**Collected material:**
- Opening Delimiter -
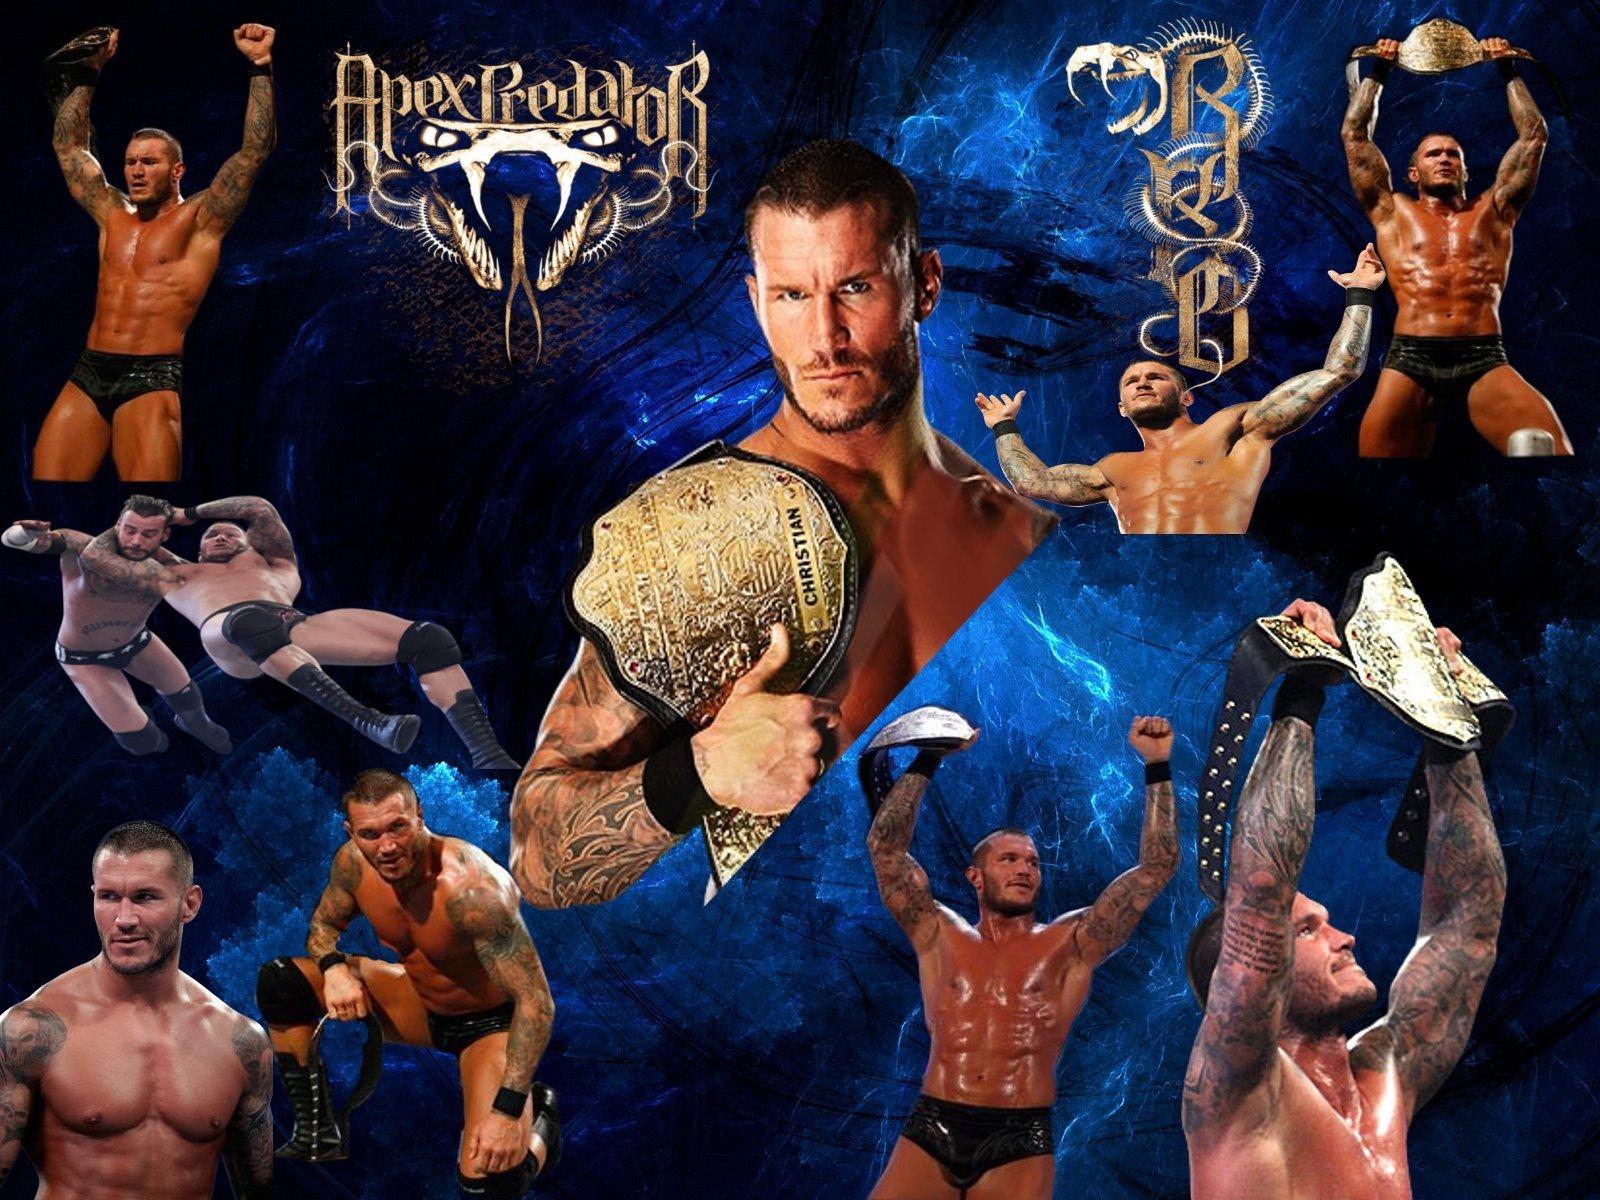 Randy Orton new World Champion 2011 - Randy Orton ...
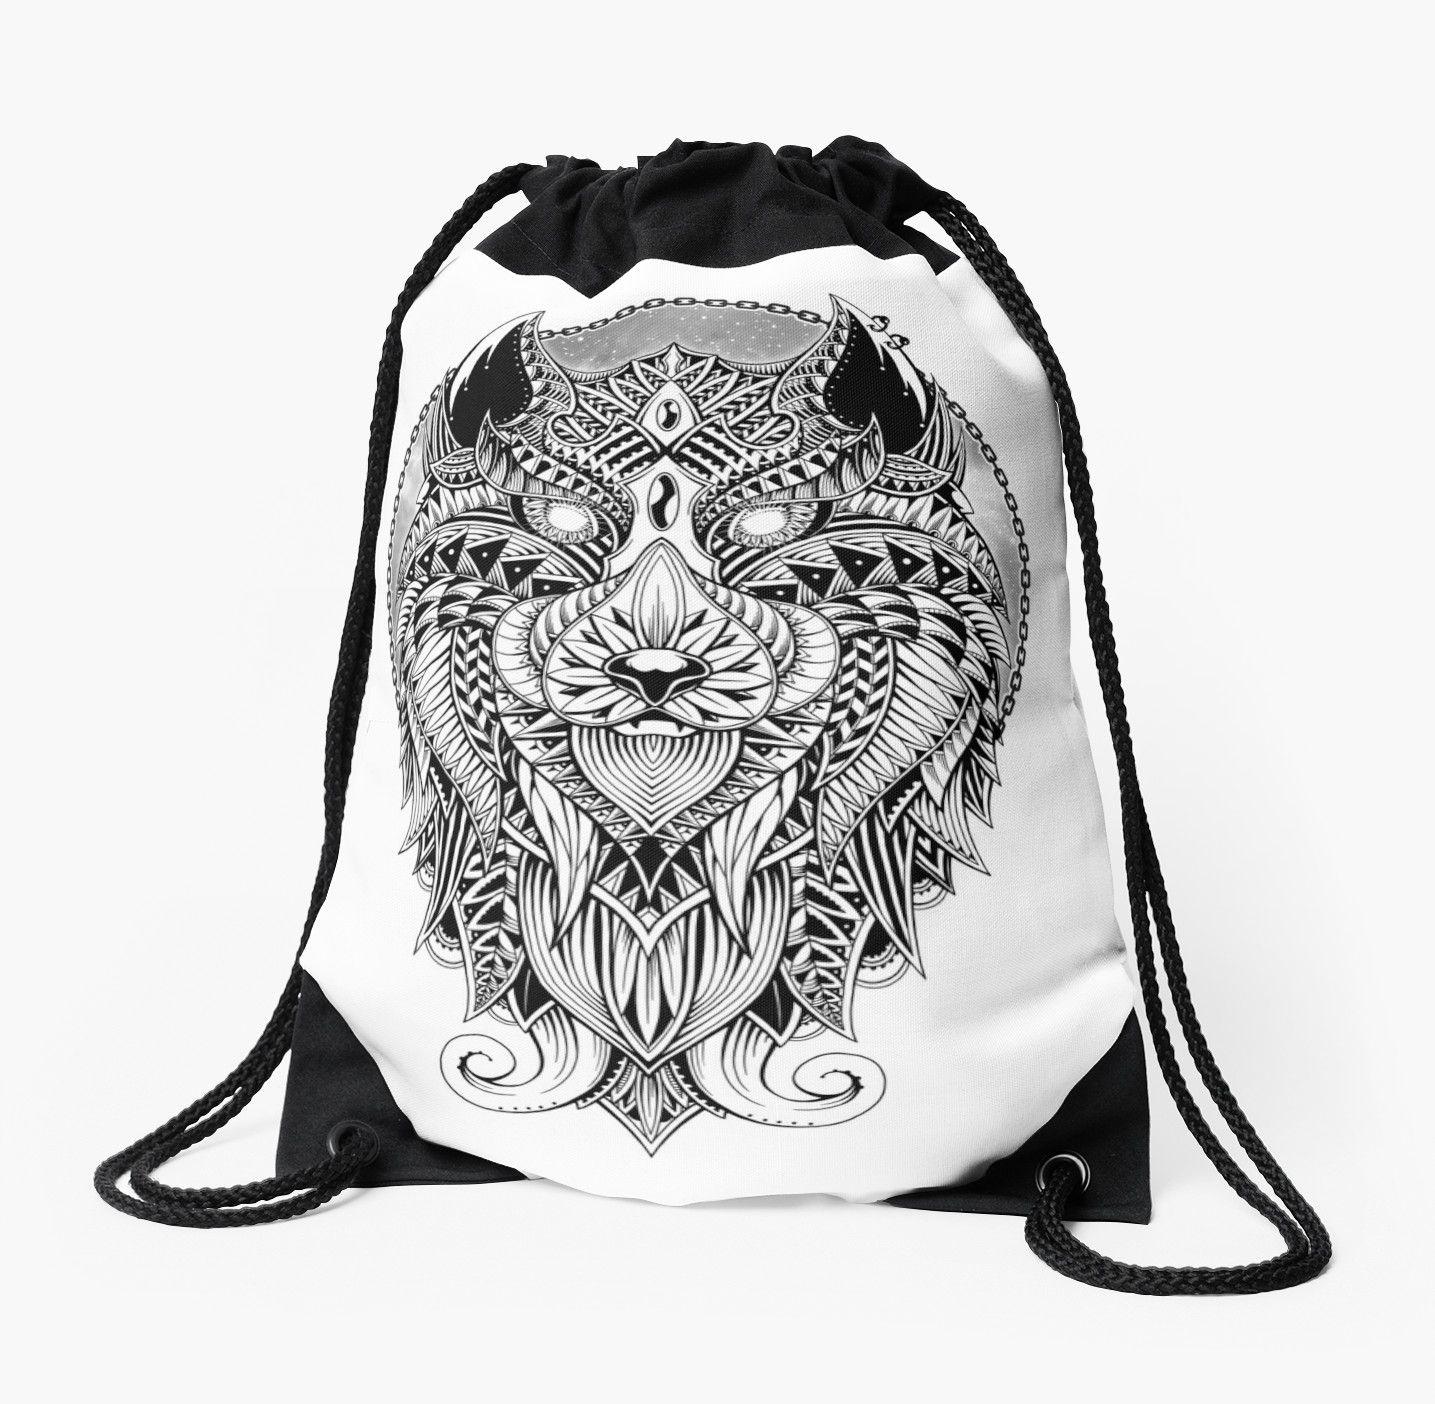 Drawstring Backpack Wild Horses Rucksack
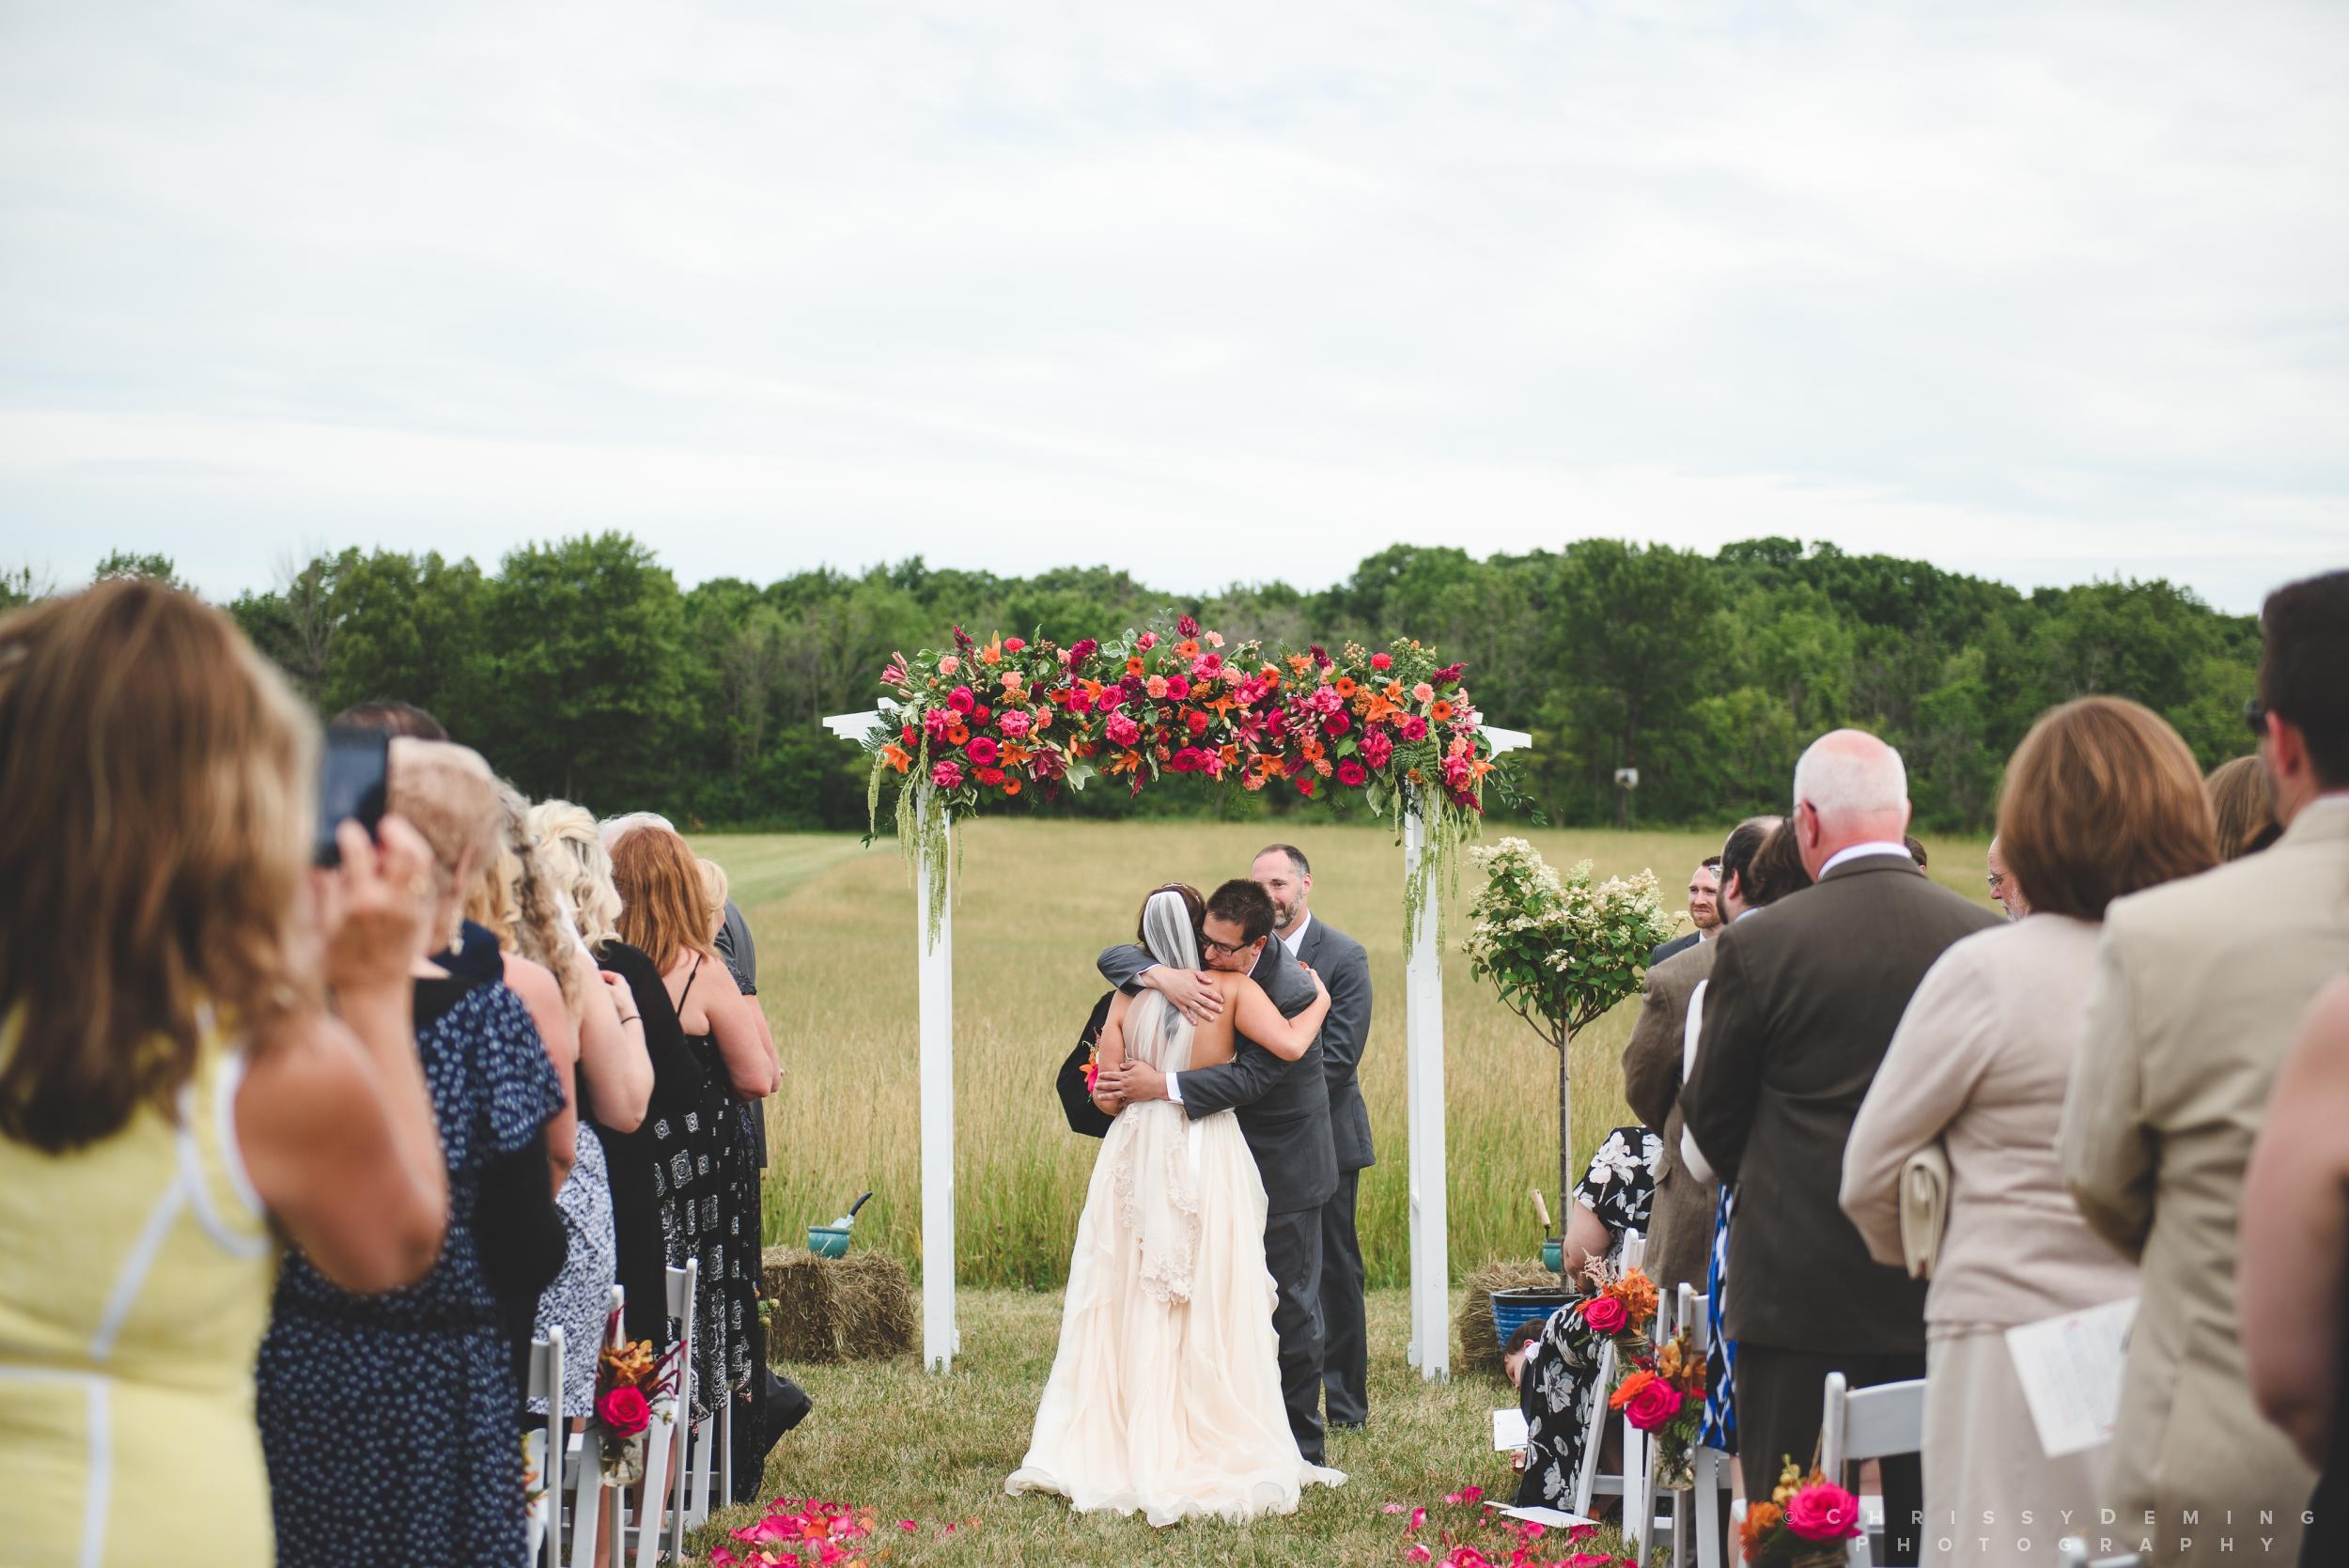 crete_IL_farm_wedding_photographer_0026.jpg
- Closing Delimiter -
**Exercise requirements:**
Could you reproduce exactly the lines running from the one with "Drawstring Backpack Wild Horses Rucksack" through the final line of the listing above, both included, and drop the pictures?

**Answer below:**
 Drawstring Backpack Wild Horses Rucksack
 crete_IL_farm_wedding_photographer_0026.jpg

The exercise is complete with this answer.